[Start of section]
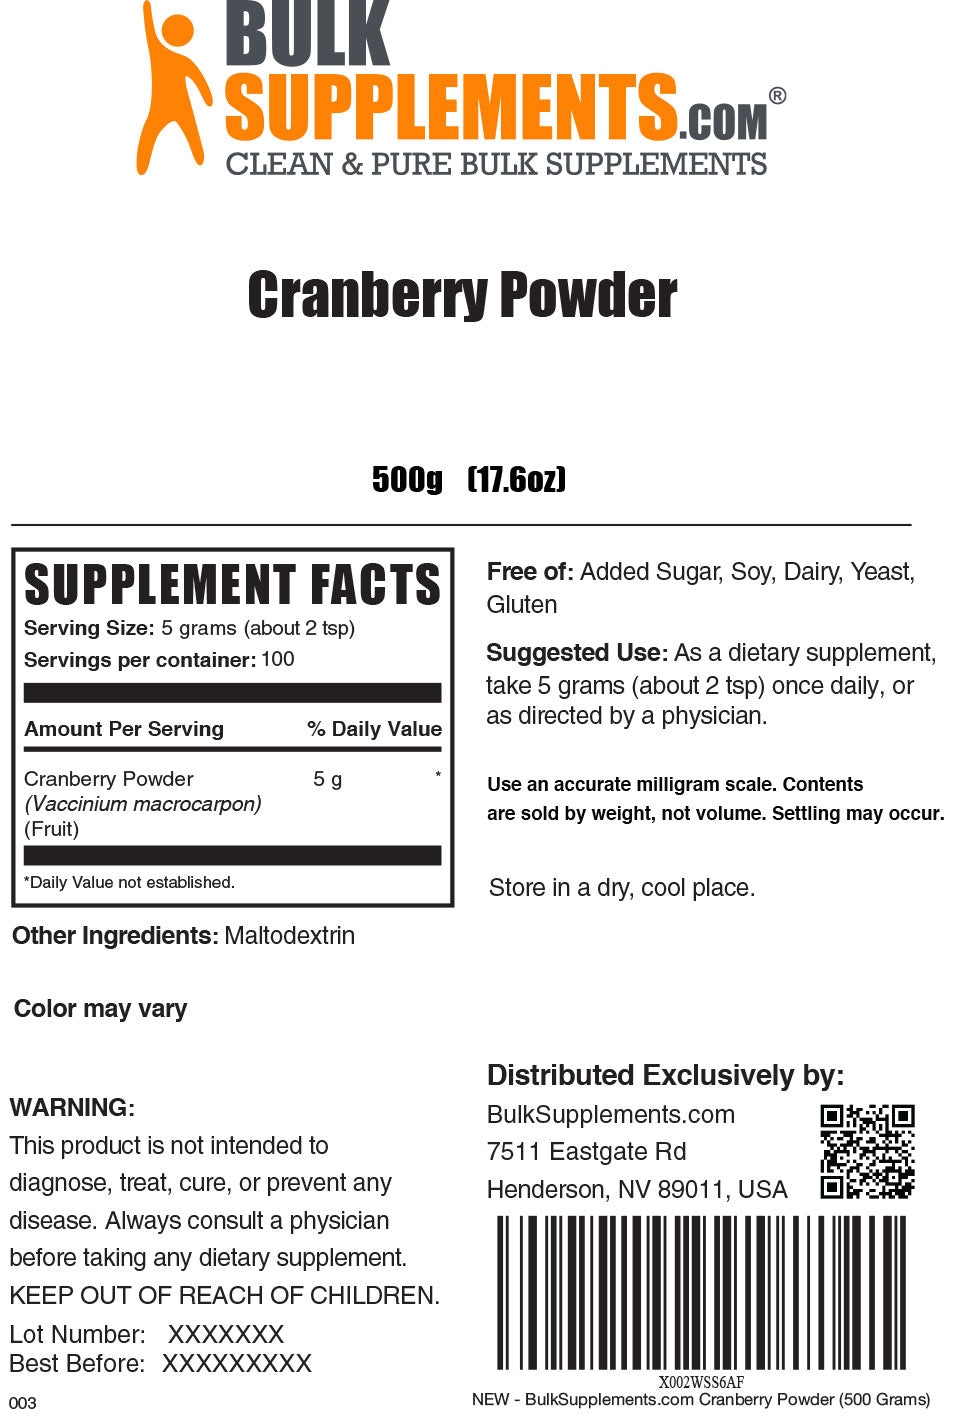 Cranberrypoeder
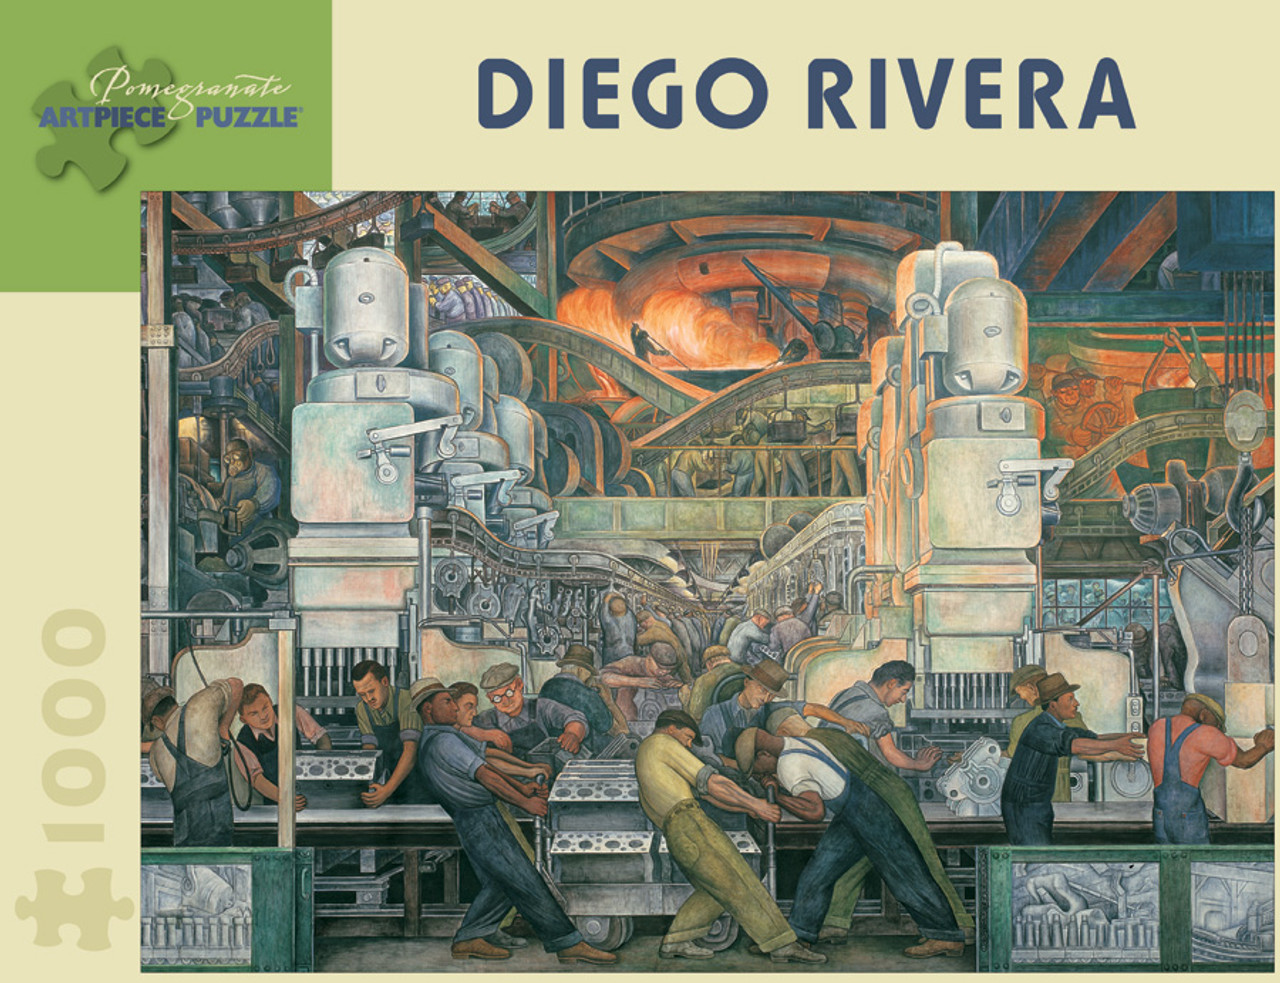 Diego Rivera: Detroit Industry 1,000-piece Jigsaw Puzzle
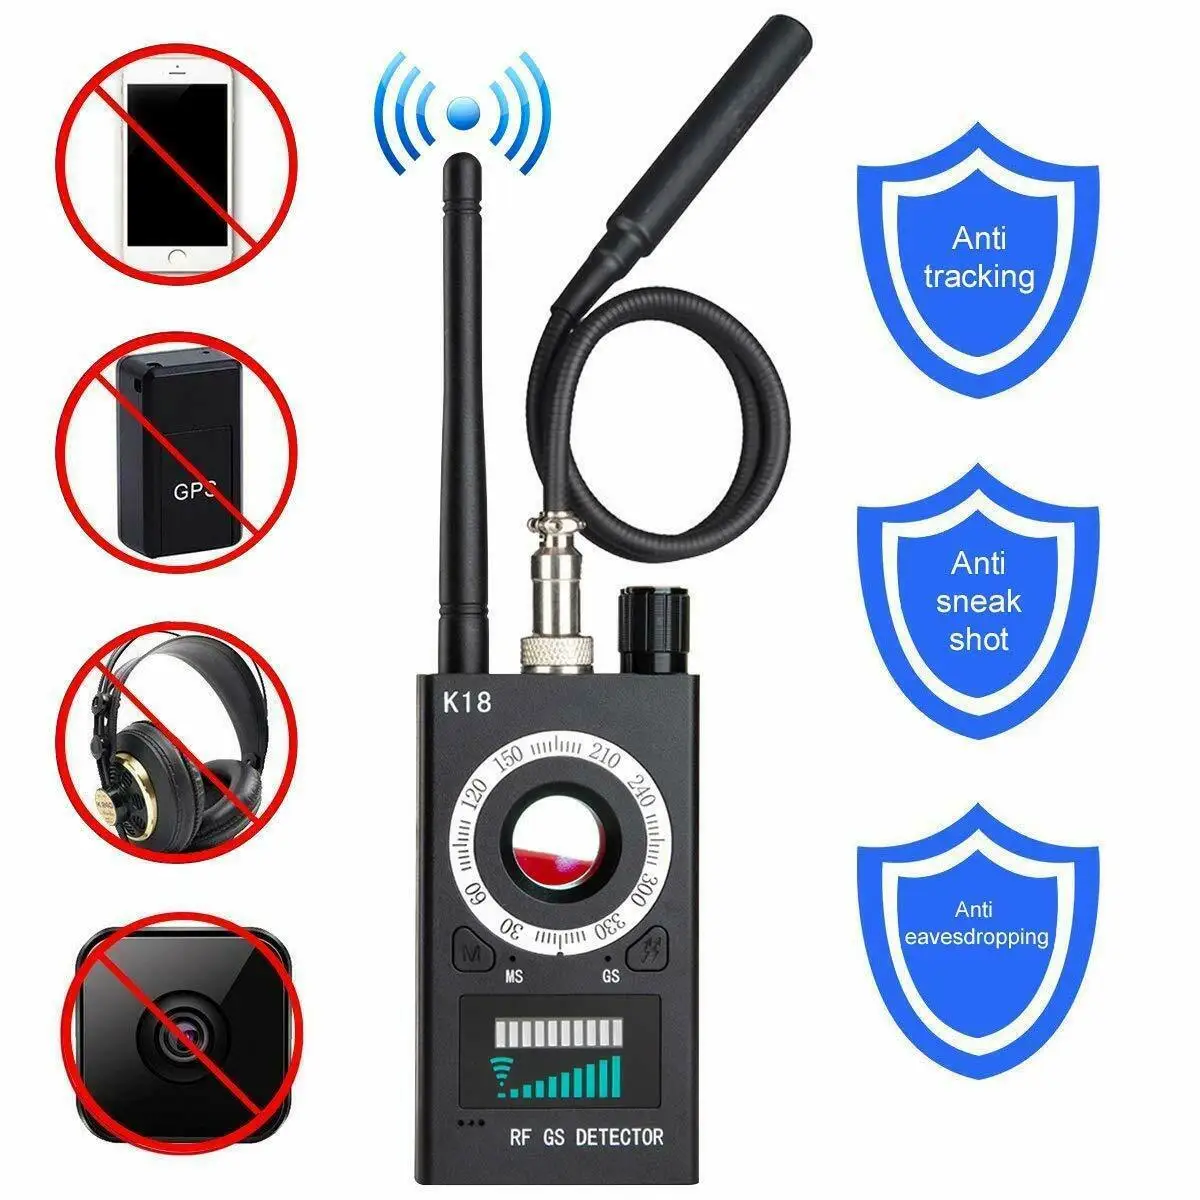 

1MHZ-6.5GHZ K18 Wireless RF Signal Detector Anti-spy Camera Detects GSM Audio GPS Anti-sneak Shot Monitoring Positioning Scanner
[End of section]
● **What to work on**
For the material above, give every line again exactly and leave out the pictures.

● **Answer section**
 Cranberrypoeder
 Diego Rivera: Detroit Industry 1,000-piece Jigsaw Puzzle

1MHZ-6.5GHZ K18 Wireless RF Signal Detector Anti-spy Camera Detects GSM Audio GPS Anti-sneak Shot Monitoring Positioning Scanner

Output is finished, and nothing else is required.